In diesem Experiment wurde NRS erstmals angewendet, um die besonderen magnetischen Eigenschaften von Oxiden des Iridiums (Ir) zu untersuchen. Die Methode nutzt dabei das Isotop 193Ir als Sonde für die magnetische Ausrichtung der Iridiumatome in der Probe. Dieses Isotop wurde damit erstmals für die NRS-Methode eingesetzt. „Die Erweiterung der NRS-Technik auf ein anderes Isotop eröffnet ein völlig neues Feld mit vielen Anwendungen in verschiedenen Forschungsbereichen“, sagt Hans-Christian Wille, verantwortlicher Wissenschaftler an der Strahlführung P01. „Die relativ hohe Übergangsenergie von 73 Kilo-Elektronenvolt in diesem Isotop war eine Herausforderung, da die Intensität der Photonen sowie die Detektoreffizienz mit zunehmender Photonenenergie stark abnehmen. Daher waren das Design einer effizienten Röntgenoptik und ein neues schnelles Detektorsystem entscheidend für den Erfolg der Experimente.“

In der vorliegenden Arbeit wurden besondere Oxide des Iridiums untersucht, die in der sogenannten Perovskit-Struktur vorliegen. Unter diesen ist das Strontion-Iridium-Oxid Sr2IrO4 ein prominentes Beispiel für die neue Klasse der sogenannten Spin-Orbit-Mott-Isolatoren. Dieses Oxid hat hinsichtlich seines Magnetismus und seiner elektronischen Struktur große Ähnlichkeiten mit dem Lanthan-Kuprat La2CuO4, der Ausgangsverbindung von Hochtemperatursupraleitern. Aus diesem Grund könnte die genaue Untersuchung von Sr2IrO4 Einblicke in den Ursprung und Mechanismus der Hochtemperatursupraleitung in den Kupraten liefern.

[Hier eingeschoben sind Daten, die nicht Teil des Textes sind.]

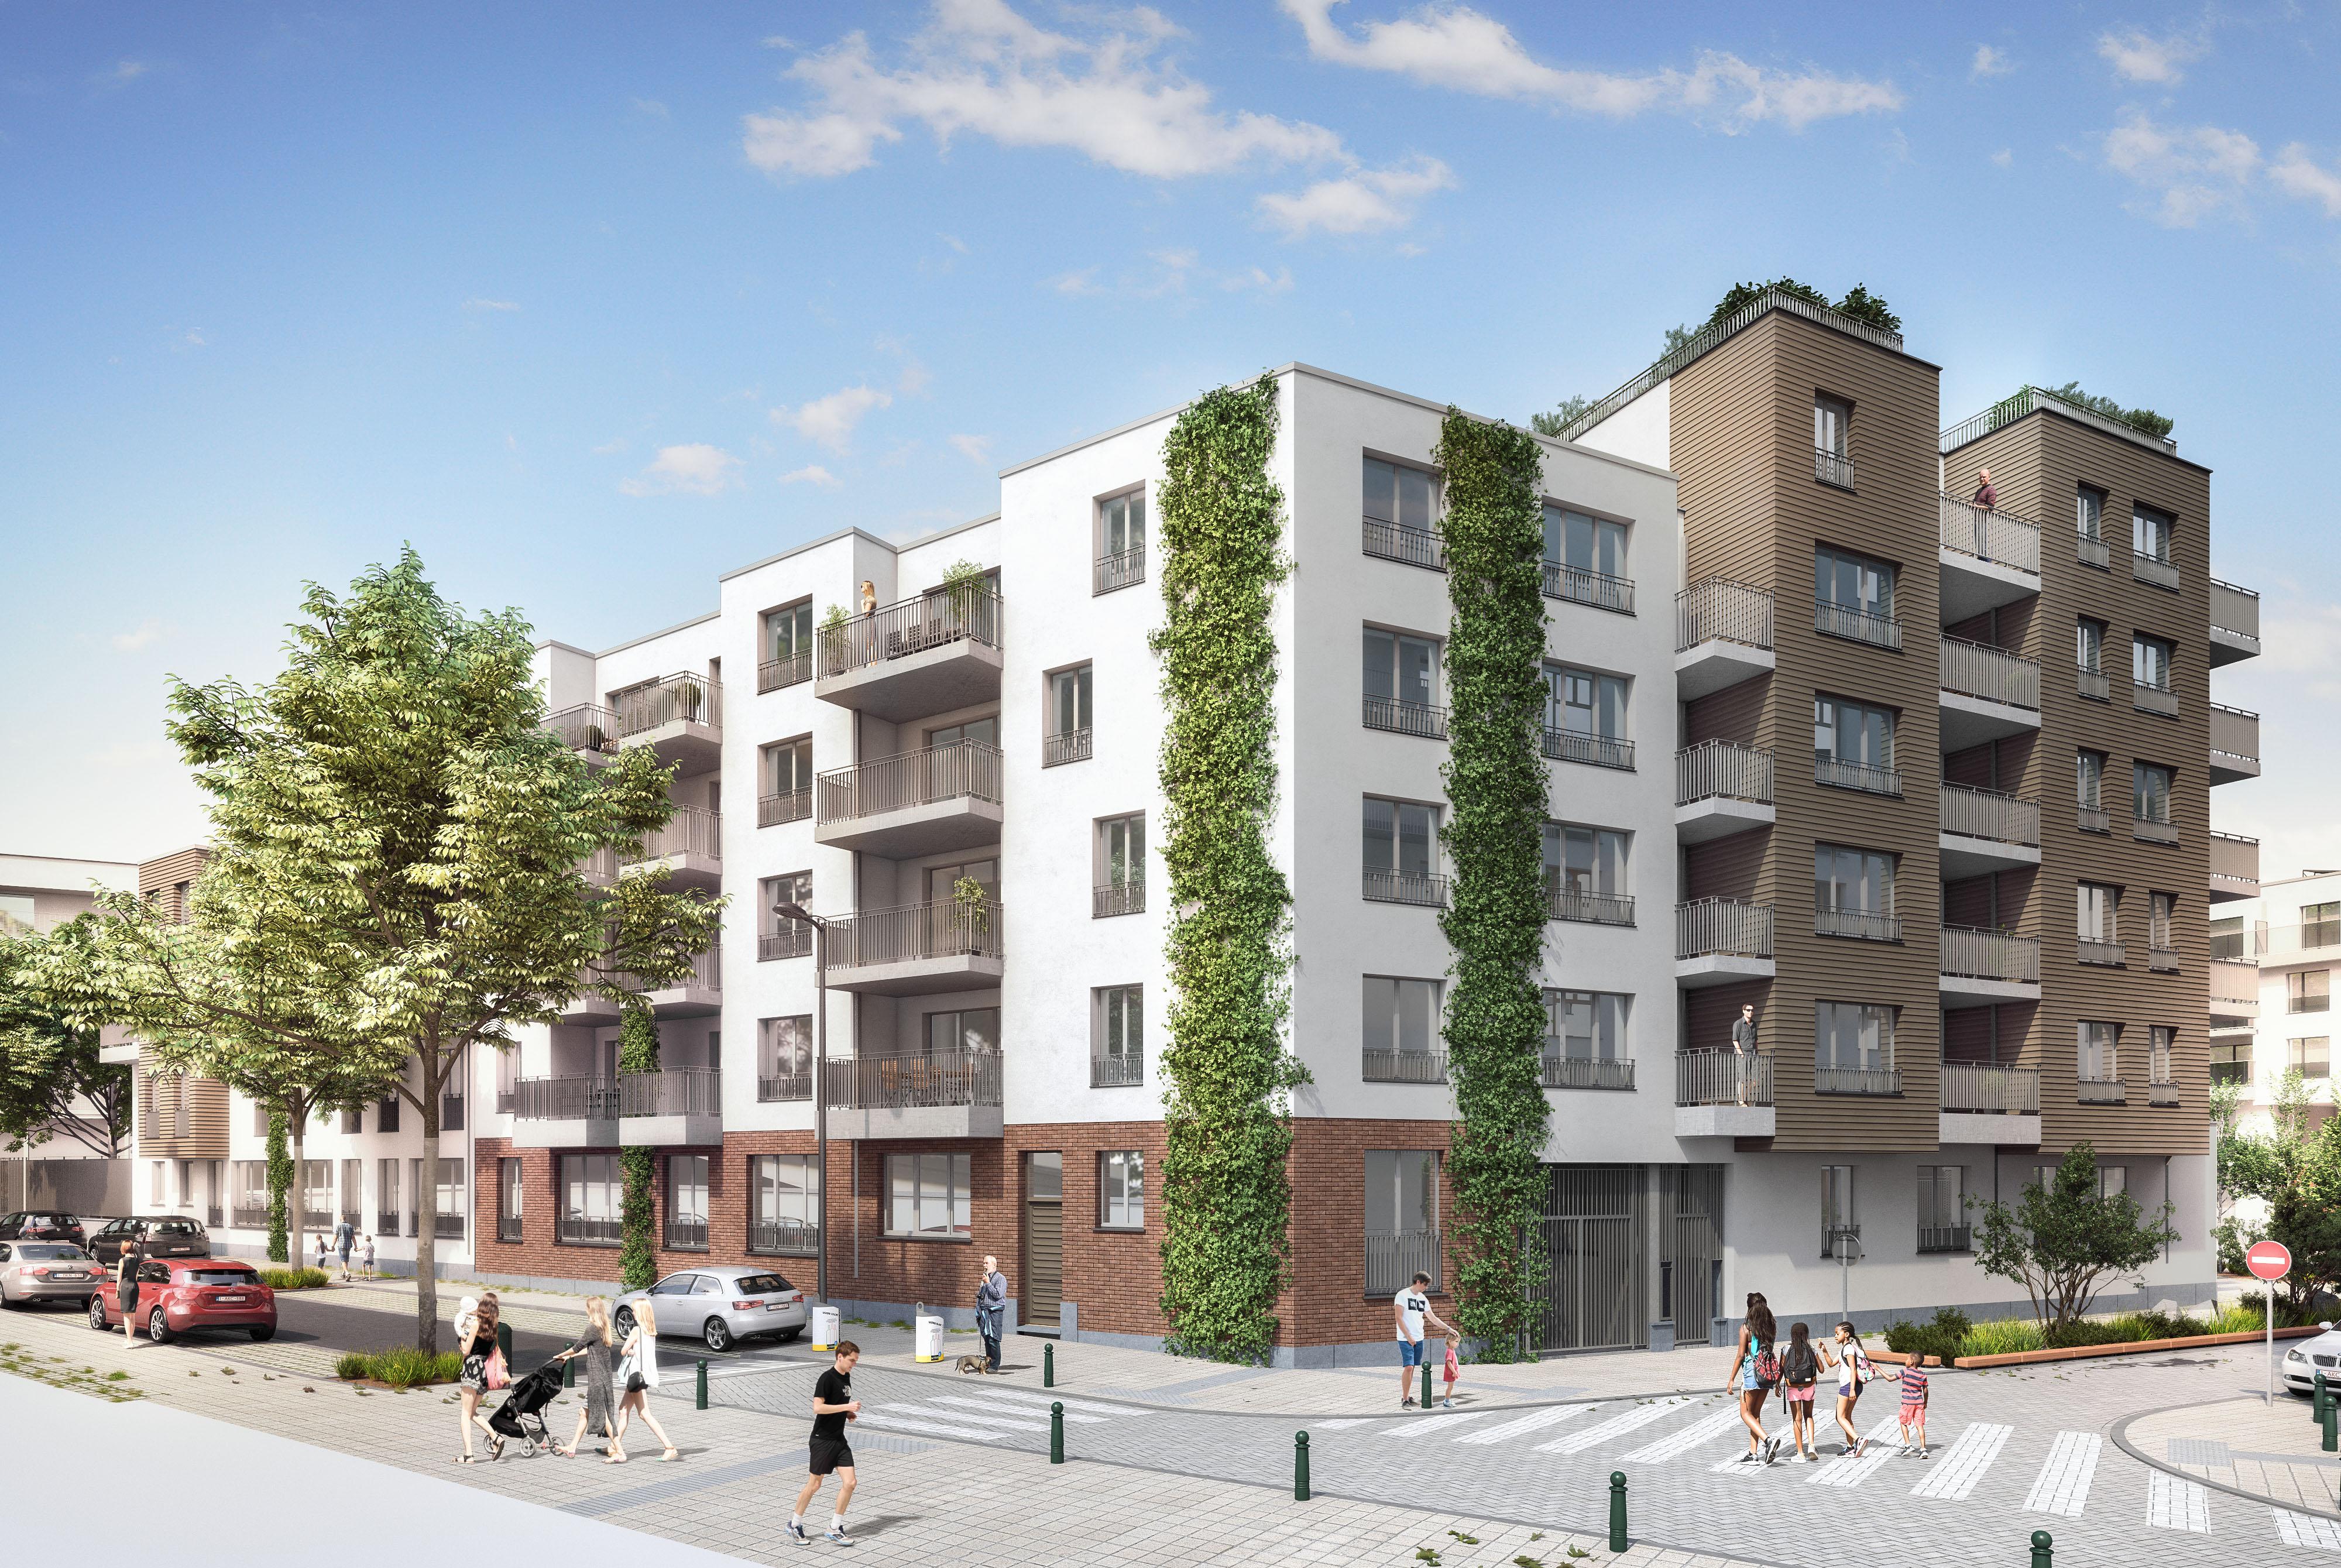 Molenbeek Quartier Tivoli Vue 3 160926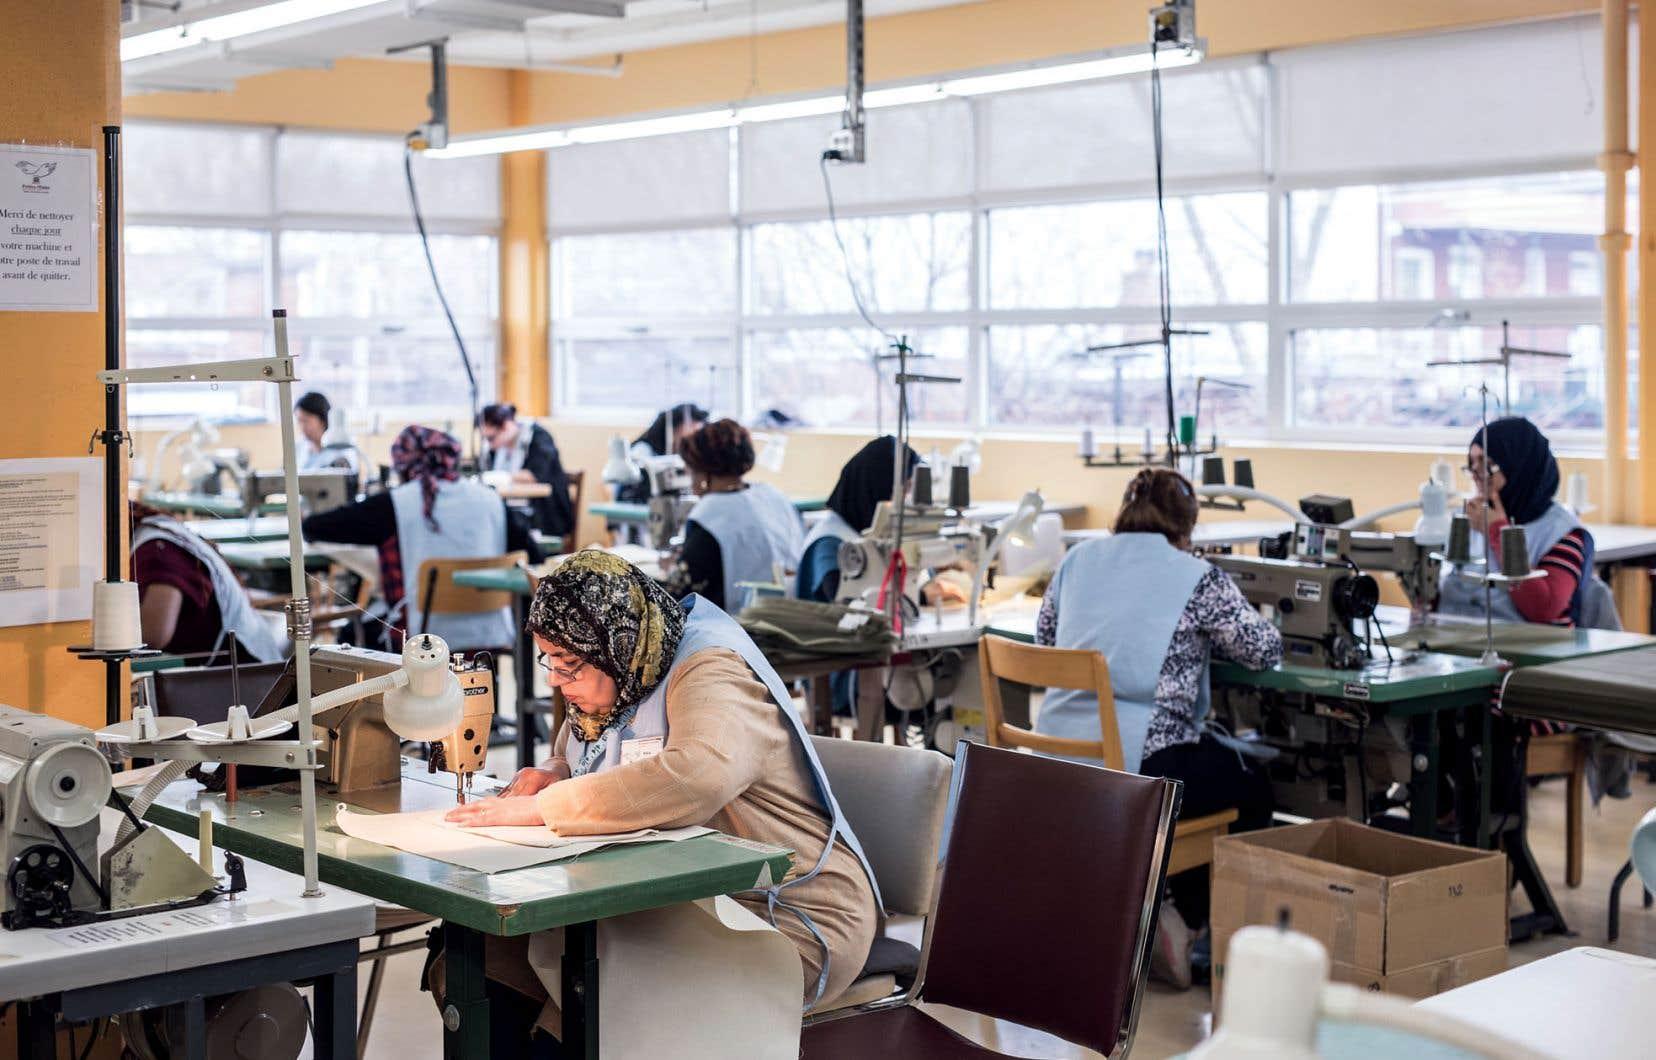 Une cinquantaine de femmes profitent de la formation de six mois pour devenir opératrice en couture industrielle chaque année, et le taux de placement a été l'an dernier de 88%.

In diesem Experiment wurde die magnetische Struktur von Sr2IrO4, insbesondere die Ausrichtung der magnetischen Momente in dessen geschichteter Perovskitstruktur bestimmt. Dabei wurde überraschenderweise bei der Auswertung der NRS-Daten eine außerplanmäßige Komponente der magnetischen Momente entdeckt, die vermutlich auf einen Mangel an Sauerstoffatomen in der Kristallstruktur zurückzuführen ist. Dieser Zusammenhang soll in weiteren Studien im Detail untersucht werden.